Lat Pla Khao Road (ถนนลาดปลาเค้า, /th/) is a road in the form of a soi (alley) in Bangkok. It is regarded as a minor road that connects several major roads, such as Chok Chai 4, Prasoet Manukit, and Ram Inthra. Its name has also come to refer to the surrounding neighbourhood.

Lat Pla Khao Road begins in Lat Phrao District as a continuation of Lat Phrao Wang Hin Road at Wang Hin Intersection, where it meets Sena Nikhom 1 Road. From there, it runs northward with a slight curve to the east, entering the Chorakhe Bua area and intersecting with Prasoet Manukit Road. It then heads northeast, bending again in front of Wat Lat Pla Khao temple, before entering Bang Khen District by crossing Khlong Sam Kha canal. The road continues straight until it ends at Lat Pla Khao Junction, where it meets Ram Inthra Road.
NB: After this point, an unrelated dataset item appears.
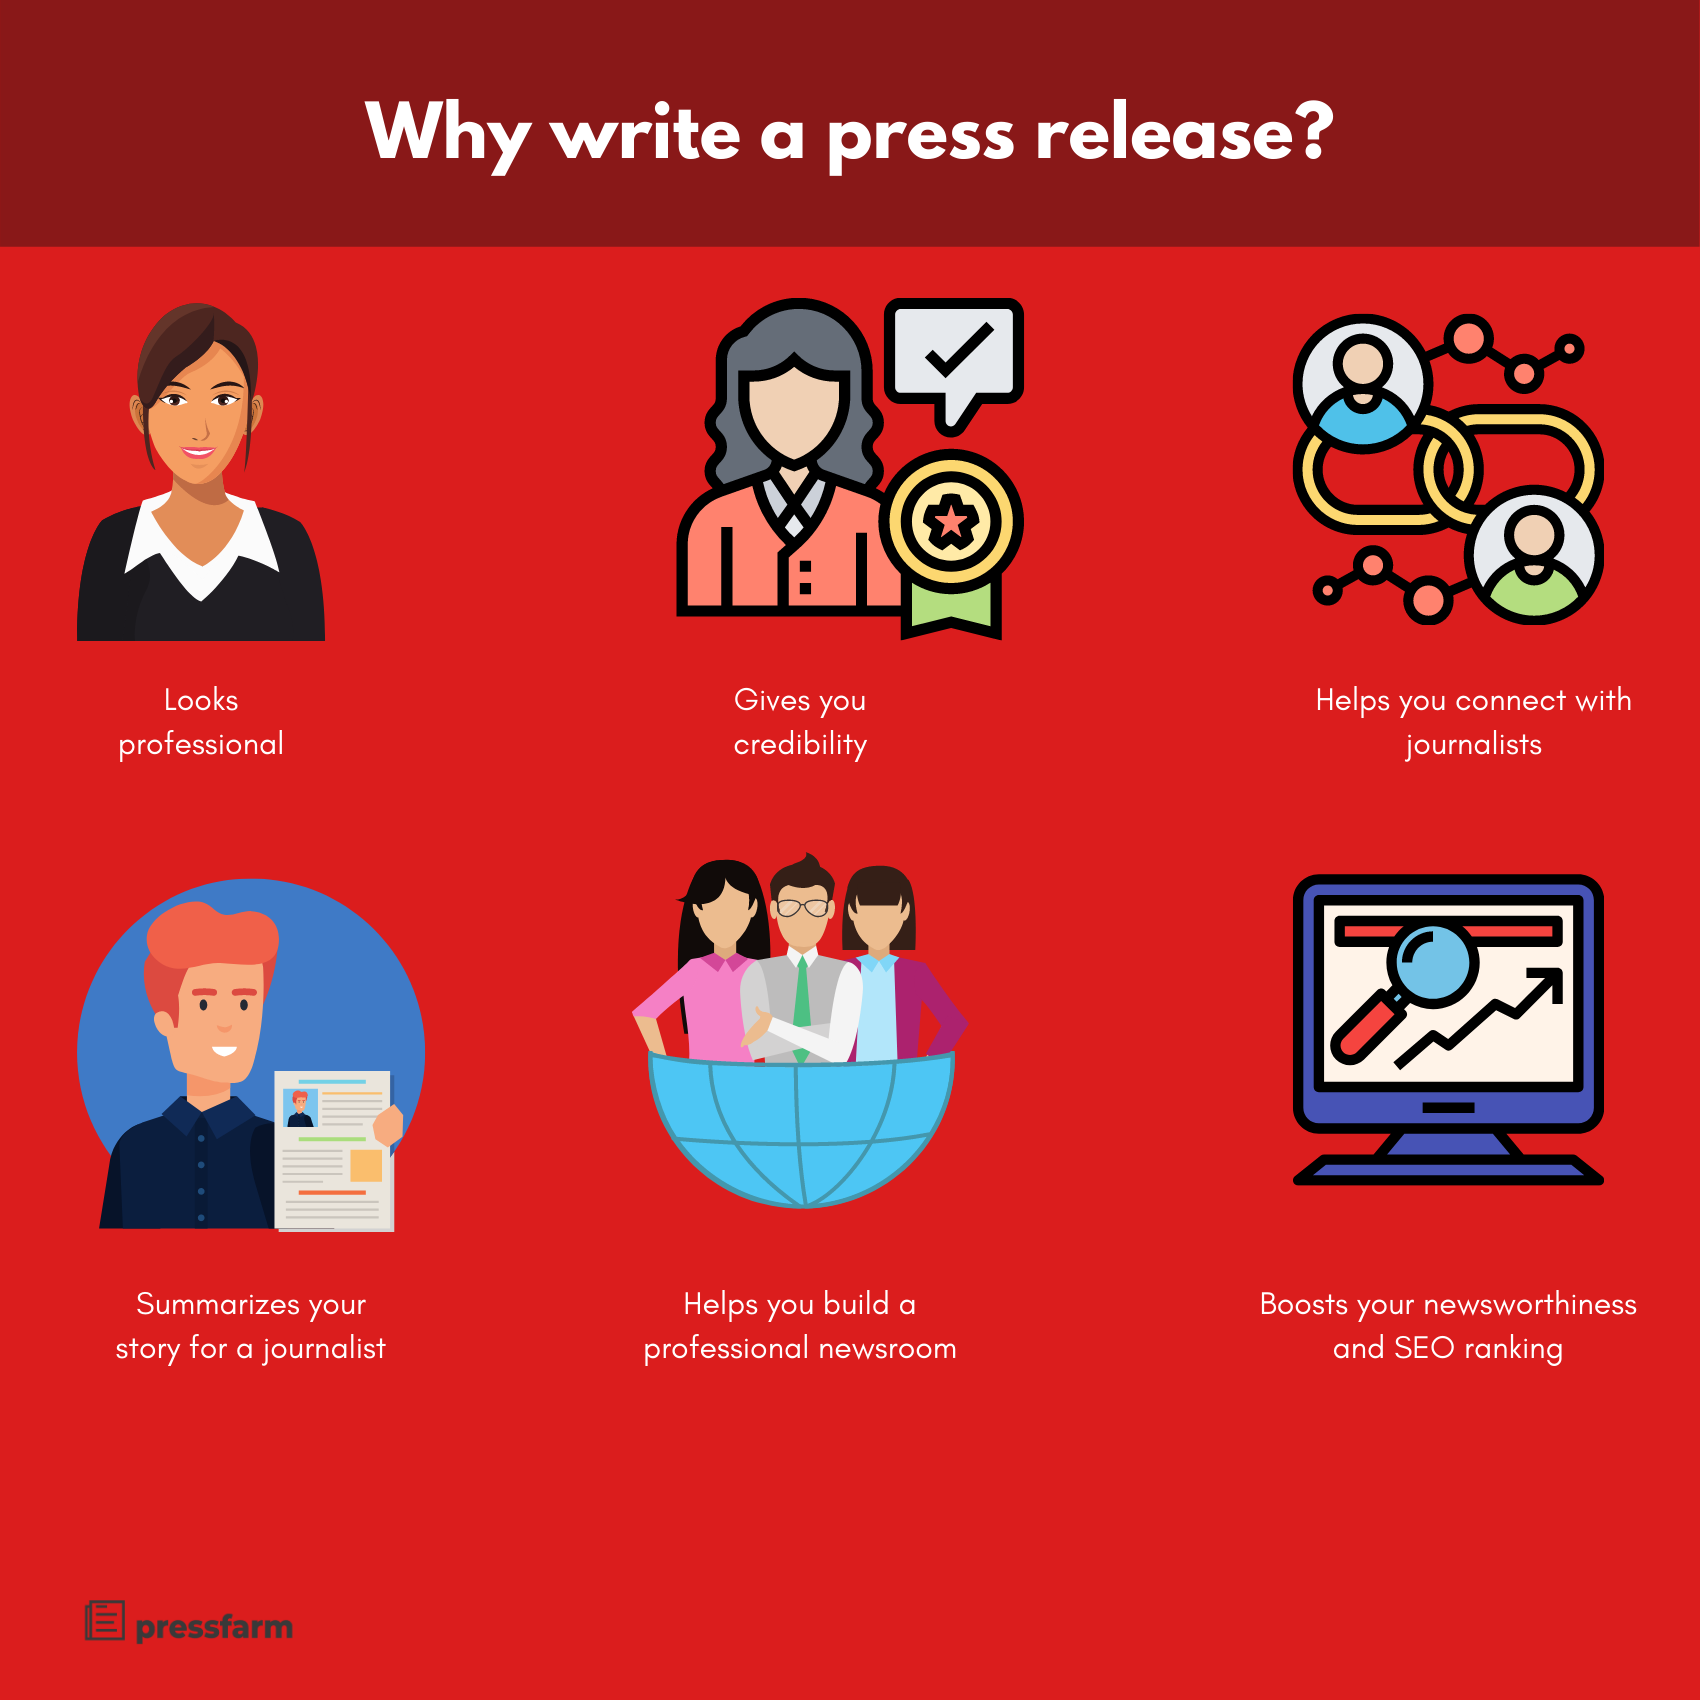 Why write a press release

The road was originally called "Rap Pla Khao" (ราบปลาเค้า), but the name gradually evolved into "Lat Pla Khao" as it is today. The name refers to the abundance of wallago sheatfish (pla khao in Thai) that once thrived in the area. The road is also commonly known as "Soi Lat Pla Khao" (ซอยลาดปลาเค้า).

An important figure who resides in the Lat Pla Khao neighbourhood is Sudarat Keyuraphan, a prominent female politician and former Minister of Public Health.

Today, the road and neighbourhood are served by Lat Pla Khao Station (PK18) on the MRT Pink Line, which runs above Ram Inthra Road.